I think, i've configured nagios properly. But the webinterface gives me that error-message:

 *Quote:*   

> It appears as though you do not have permission to view information for any of the hosts you requested...
> 
> If you believe this is an error, check the HTTP server authentication requirements for accessing this CGI
> 
> and check the authorization options in your CGI configuration file.
> ...

 

I'm really a noob in configuring apache.
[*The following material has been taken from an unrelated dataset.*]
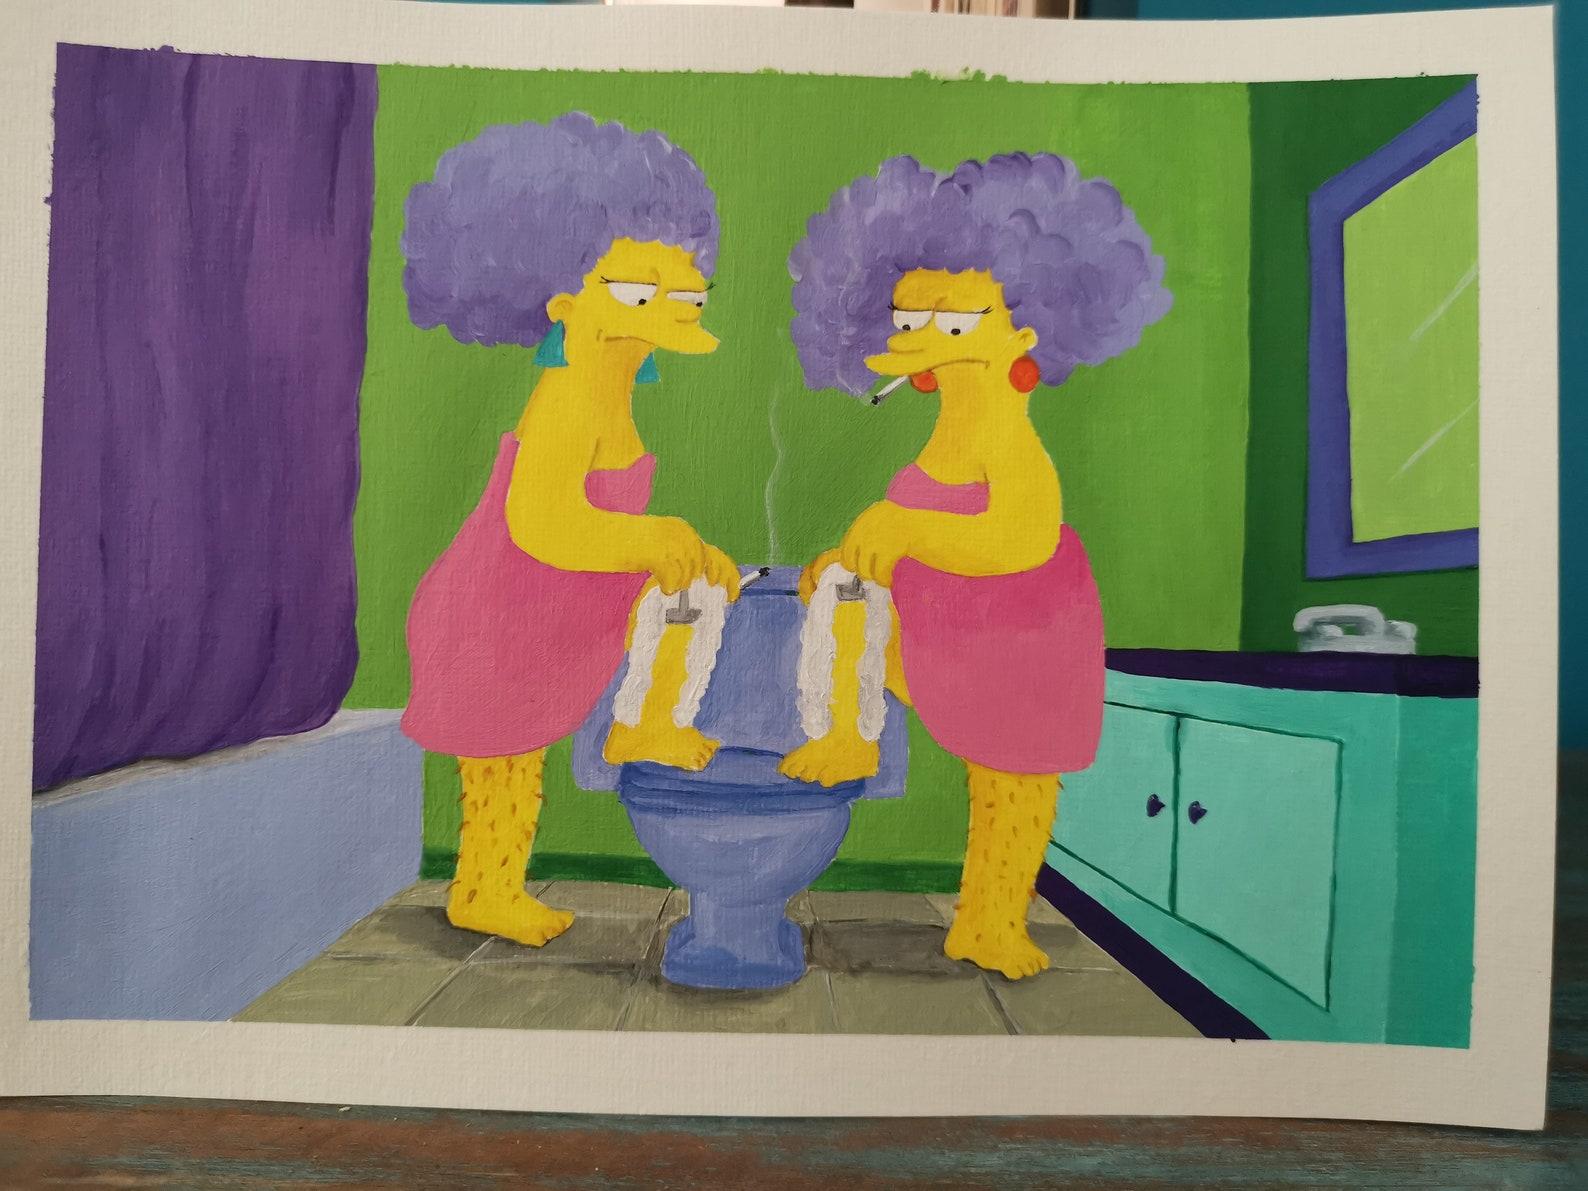 Patty und Selma Rasieren handbemalte Szene die Simpsons | Etsy
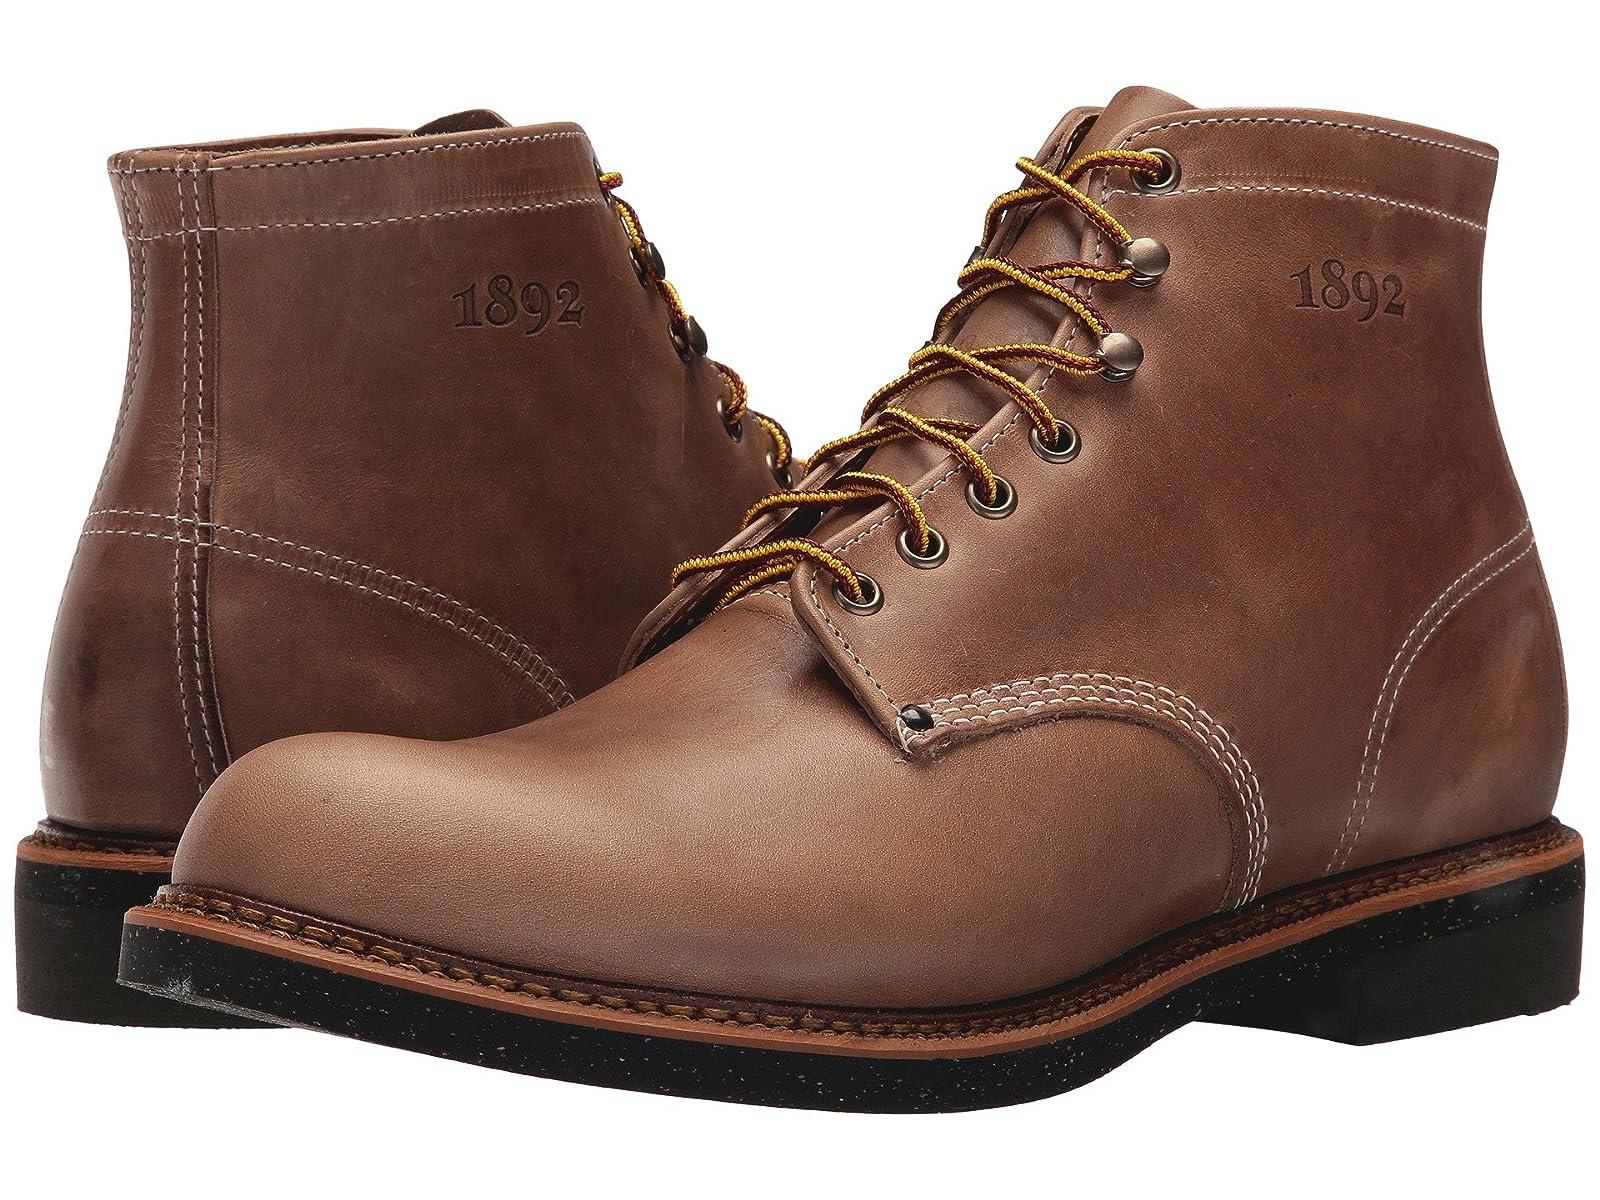 Thorogood Thorogood 1892 - BeloitEconomical and quality shoes

So, what's to do?

----------

## jean-michel

did you get it working?

I've run into the same problem, dug through the gentoo forms, and am finding no enlightenment.  nagios with mysql starts up and runs just fine, but nothing is accessible via the GUI (except a couple of flat config files)

----------

## alterself.com

this is fixable...i have nagios 1.2 running on mysql. let me know if you still need assistance w/ this  :Smile: 

----------

## soth

I have followed all the directives about how to configure apache with nagios and still this same error. 

Would appreciate any help!

----------

## njcwotx

anybody find any answers?  I have same error, I used the https://forums.gentoo.org/viewtopic-t-262408-highlight-nagios.html How-to.  No problems in setup and double checked my usernames and config files.

----------

## pava_rulez

I've solved telling cgi.cfg not to require authentication...

----------

## njcwotx

I found that and got it to work, but thats more of a work around, I still would like to know where I screwed the user.  However, this change should at least point me in the right direction.

----------

## soth

Ooops forgot to reply this thread when we got it figured out. 

Thing that was missing in our case was a .htaccess in two places, not one.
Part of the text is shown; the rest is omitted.